インダストリー4・0も威力発揮 三菱電機が次世代型省エネ

自家発電の電力をグループ拠点で共有、キヤノンMJは最新鋭ビルでも40%減

ビルの省エネ化

 政府による夏季の節電要請期間が始まった。一部地域を除けば電力供給には余裕がある。とはいえ電力料金は上昇しており、もはや省エネルギーは夏だけの課題ではない。”乾いた雑巾“と言われるほど省エネが浸透した産業界では、新たな取り組みが進んでいる。  三菱電機は節電対策として工場に太陽光パネルを設置している。31拠点に合計1万5900キロワットを導入し、発電した電力を工場で使って電力需要を抑制してきた(※1)。他にも老朽化した空調の更新、エコキュートの導入など自社製品による省エネを進めている。  同社では生産現場でビッグデータの活用も開始しており、名古屋製作所では生産設備から集まるデータを解析。従来は不良の原因を突き止めるのに2日要していたが、いまは5時間で判明するようになった。  このインダストリー4・0をほうふつとさせるシステムが、省エネにも威力を発揮している。数量、温度、電力などのデータを解析し、品質への影響を心配して踏み込めなかった製造条件の見直しにも着手。寸法に余裕を持たせるなど、データに裏付けされた対策を打てるようになった。  富士フイルムホールディングスは2014年度から「自己託送」(※2)の制度を使い、関東地区16拠点に自社の富士宮工場の自家発電の電力の供給を開始。自家発電を16拠点で共有し、電力会社との契約電力を平均10%引き下げた。  同社では新たな省エネ余地も発掘している。インバーターを取り付けて消費電力を絞り込んだ設備でも、操業に支障がなければ電源を切って固定エネルギーをゼロにする。製造条件も見直し、事例を各拠点に水平展開している。  15年度は自家発電で電力供給する拠点を一つ追加。17拠点で13年度比14%の電力使用量を削減する。  オフィスでも省エネは進化している。キヤノンマーケティングジャパン(MJ)の本社が入居する「キヤノンSタワー」(東京都港区、29階建て)は03年に完成。最新機器を備えており省エネの余地はないと思われていた。それが完成時より40%も省エネ化した。

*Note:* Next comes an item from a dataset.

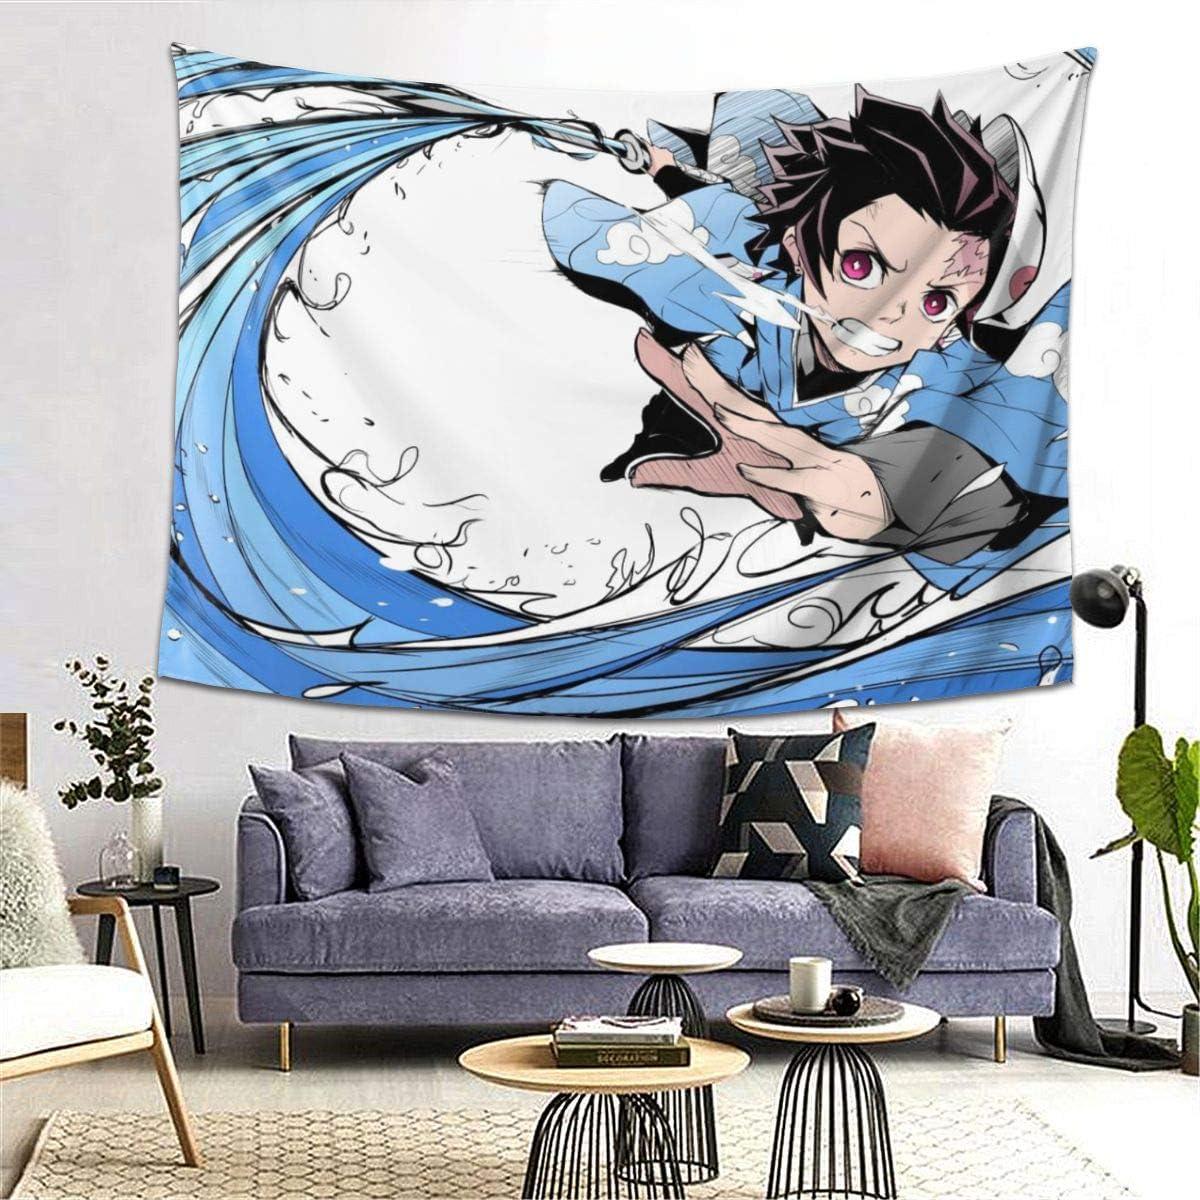 Yagi Mika Tanjiro Kimetsu-No-Yaiba Tapestry Wall Art Hanging Home Decor Blanket 80×60 in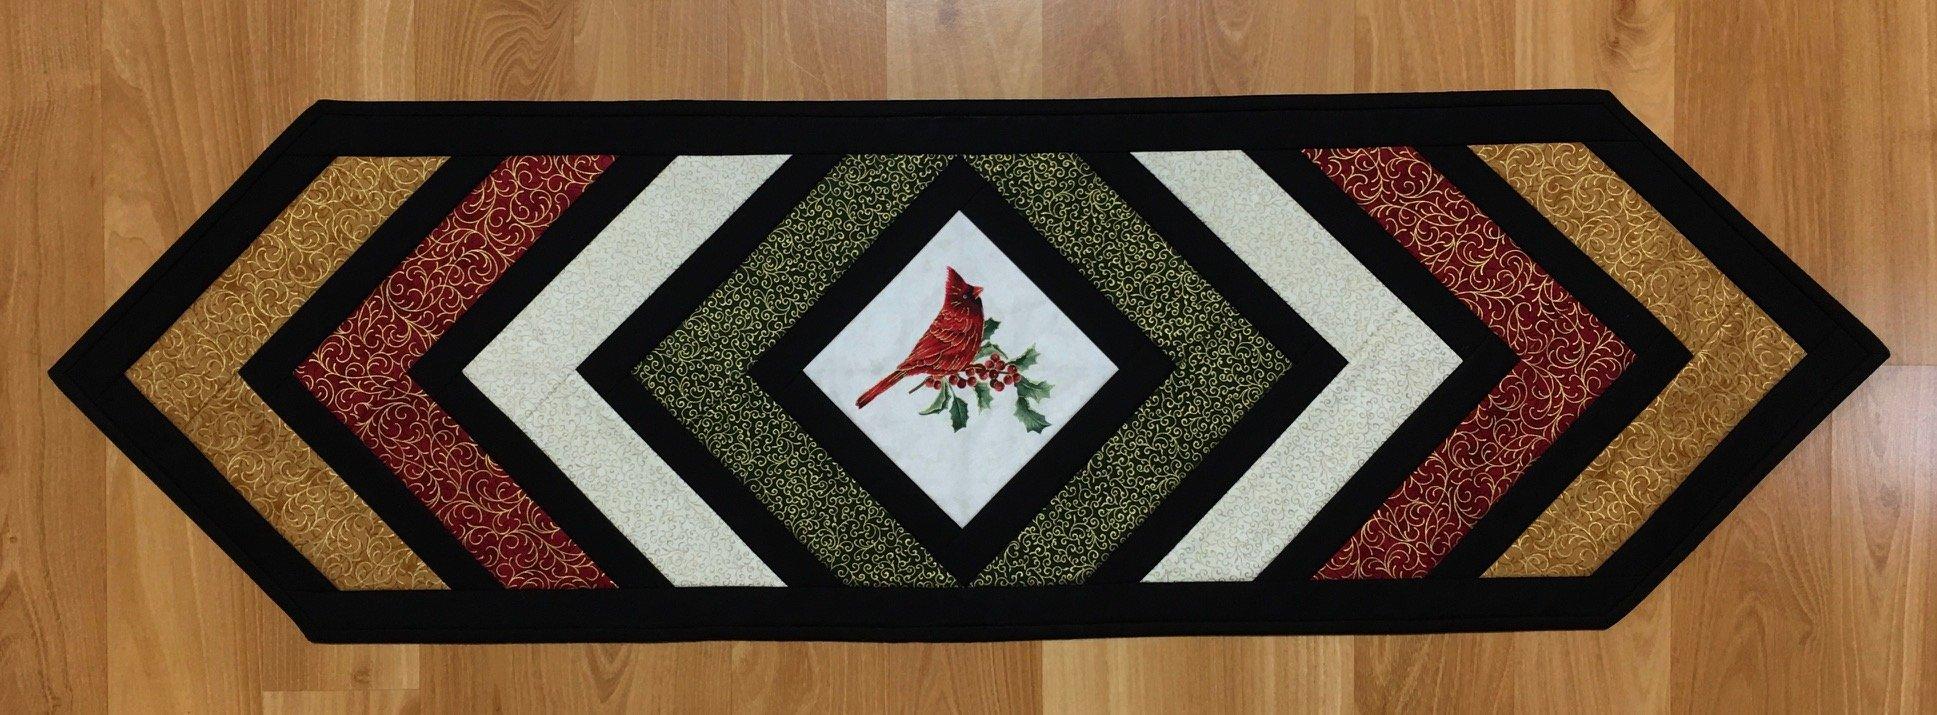 Quilt As You Go Christmas Cardinal Table Runner Kit

機器の更新ではなく、運用改善による成果だ。  キヤノンMJの斉藤金弥OES事業推進室主管は「見える化の効果が大きかった」と話す。消費電力を計測すると、フロアごとの電力使用の違いが判明。データを示して従業員に節電を促した。  キヤノンMJはノウハウを生かし、中小事業所向けの省エネサービス「節電コンシェルジュ」を始めた。”コンシェルジュ“の名の通り、現地調査や診断、節電のルールづくりまで支援する。給湯ポットの電源を入り切りする時間も決める徹底ぶりだ。すでに13%の電力コストを削減した事例がある。 (松木喬) ※1、三菱電機は屋根で発電した電力を売電をせず、自家消費しています。工場の電力需要が増える時間帯と発電とのタイミングが合い、電力需要を抑えられています。 ※2、「自己託送」は電気事業法で14年4月から認められた制度。電力会社の送電網、設備を使って自家発電の電力をグループ拠点に供給できます。制度の活用は富士フイルムHDが初めてです。